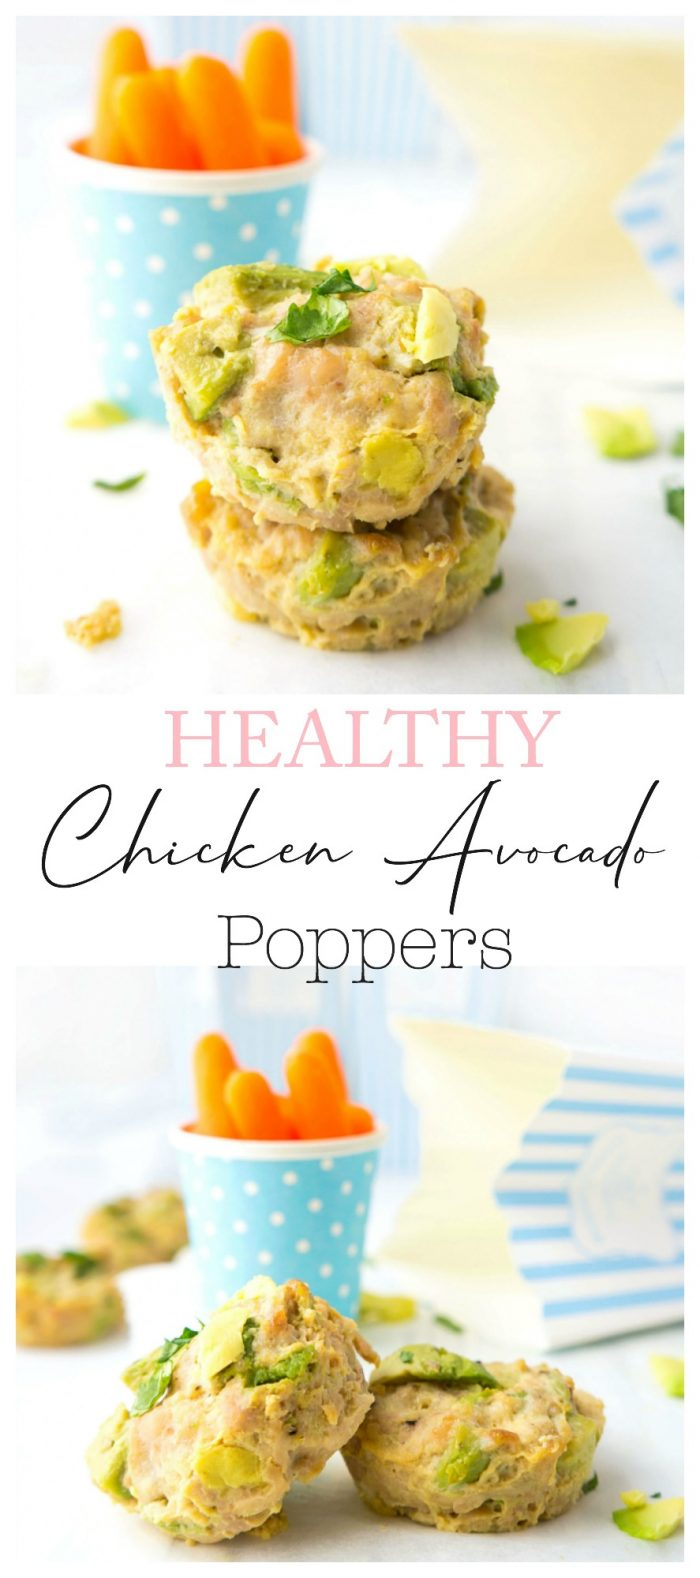 Chicken Avocado Poppers
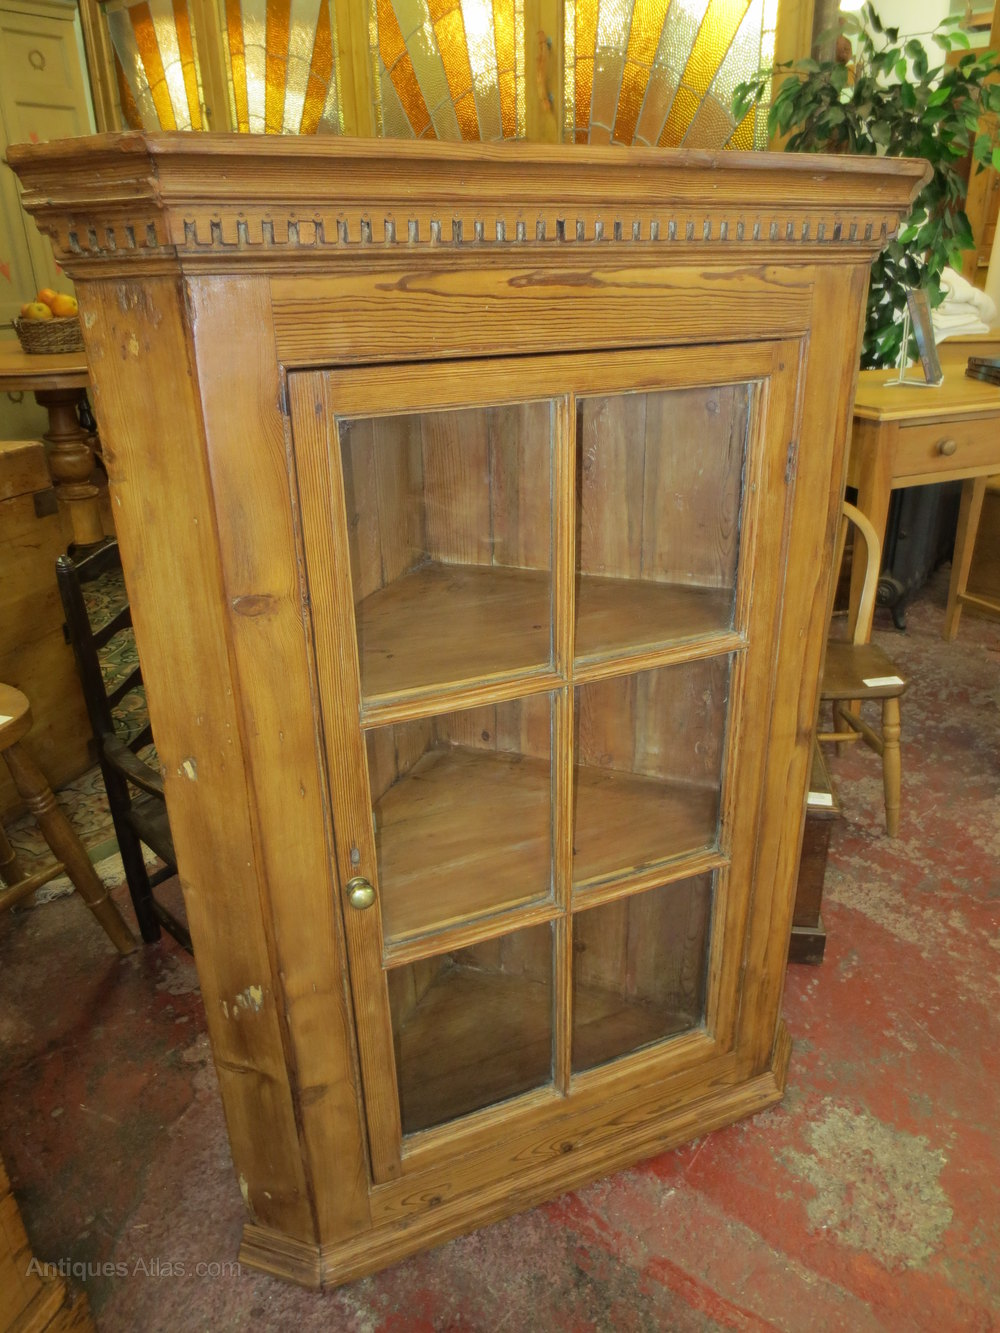 Victorian Pine Corner Cupboard - Victorian Pine Corner Cupboard - Antiques Atlas
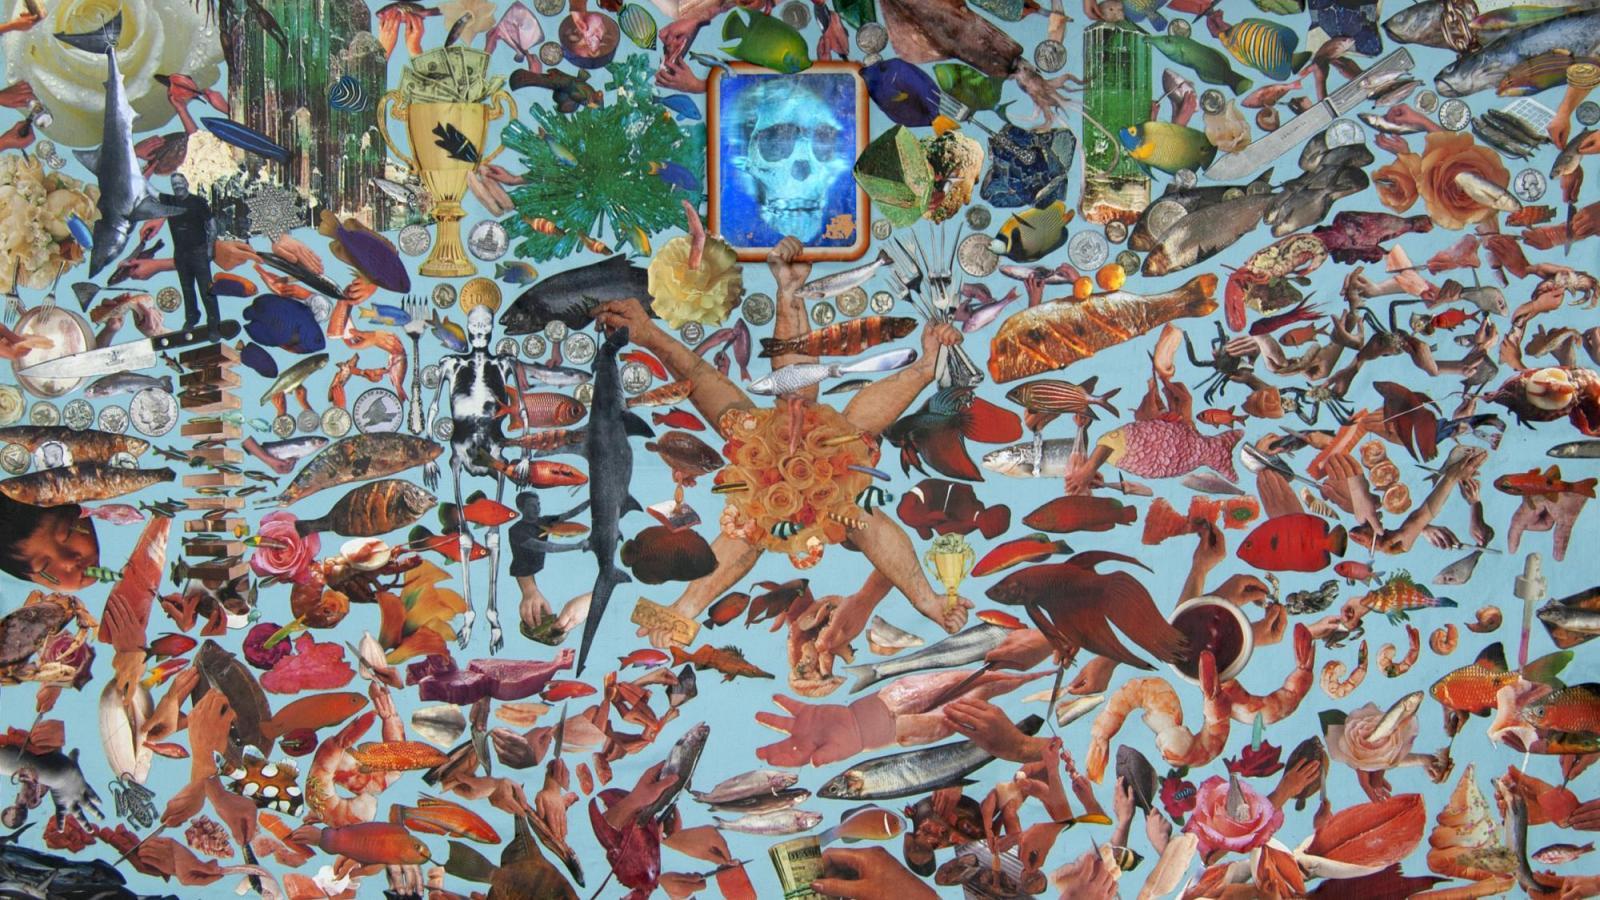 Marsella artwork
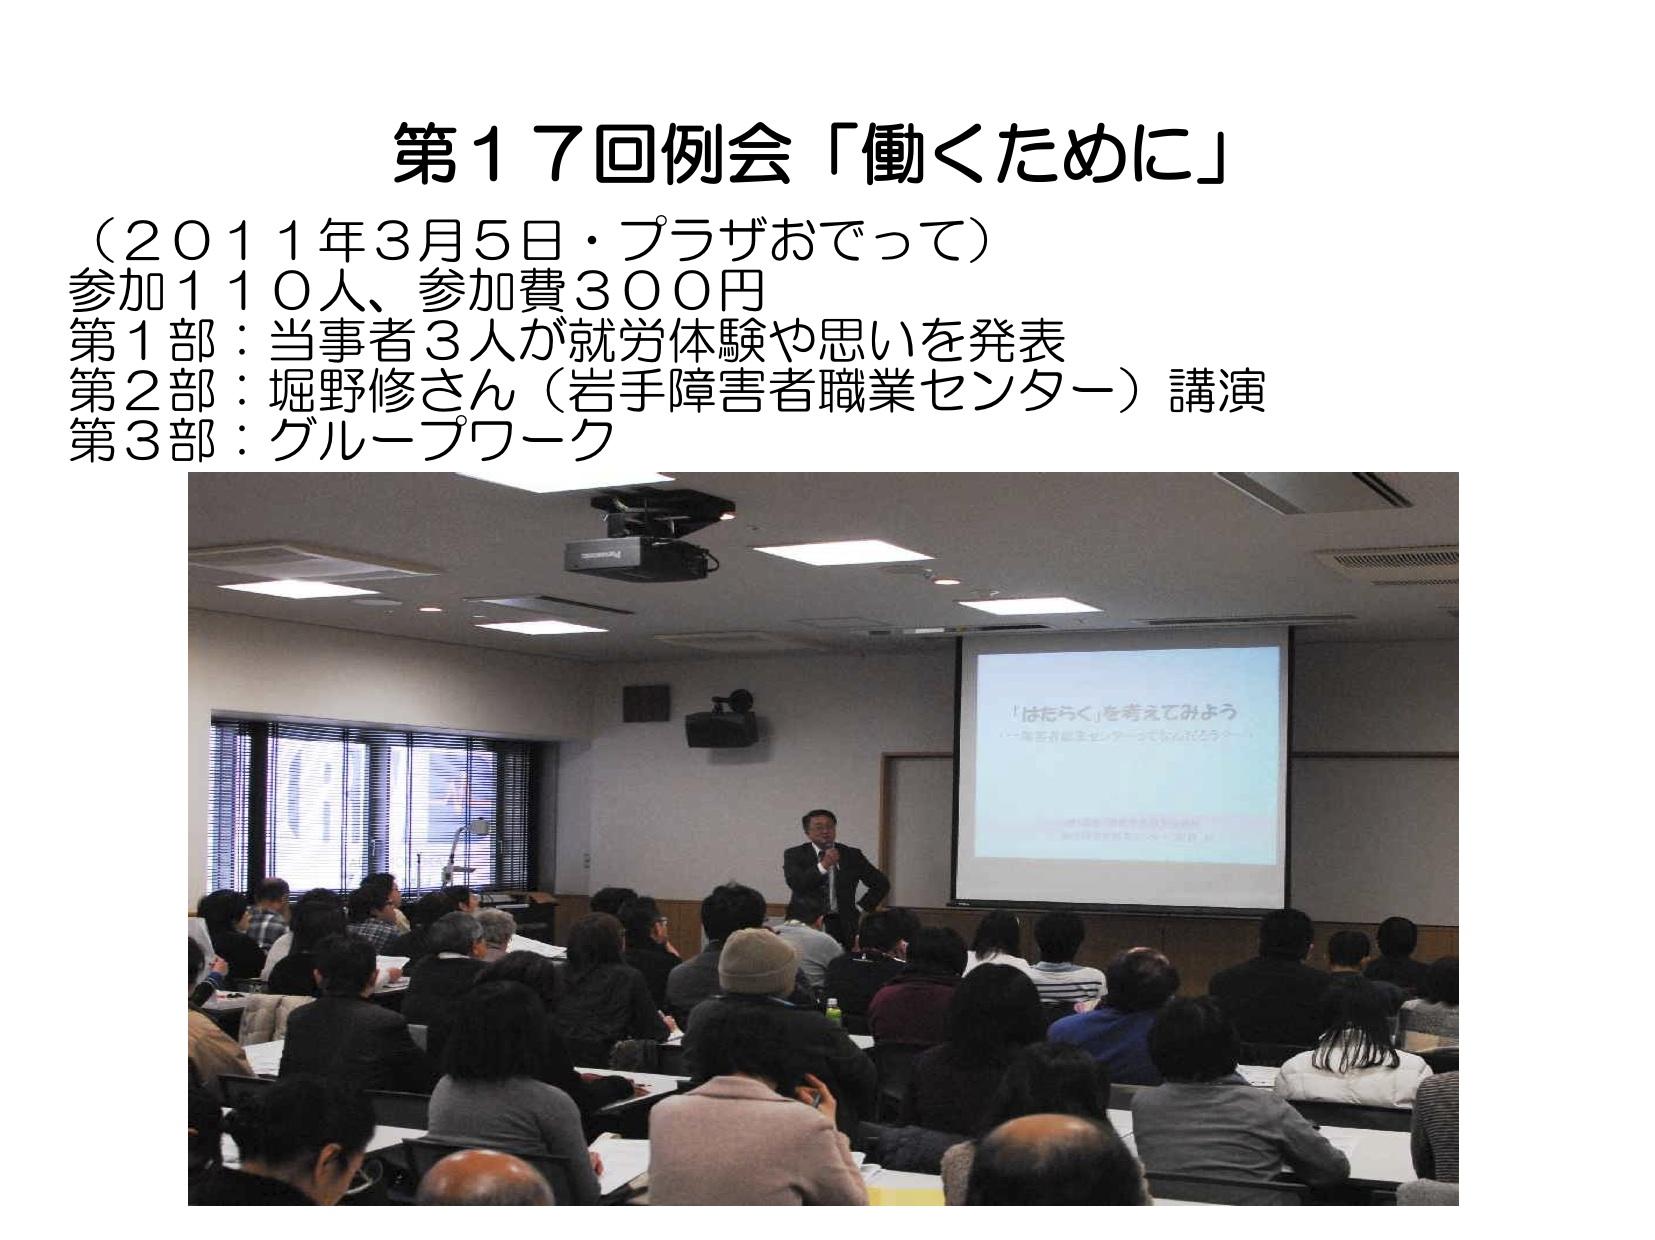 PS養成講座…パワーポイント資料④_a0103650_204959.jpg

PROBLEM DESCRIPTION:
Omit the pictures, then print the rest of the listing above exactly.

OUTPUT FOR THIS EXERCISE:
 Chicken Avocado Poppers
 Victorian Pine Corner Cupboard - Victorian Pine Corner Cupboard - Antiques Atlas
 Marsella artwork
 PS養成講座…パワーポイント資料④_a0103650_204959.jpg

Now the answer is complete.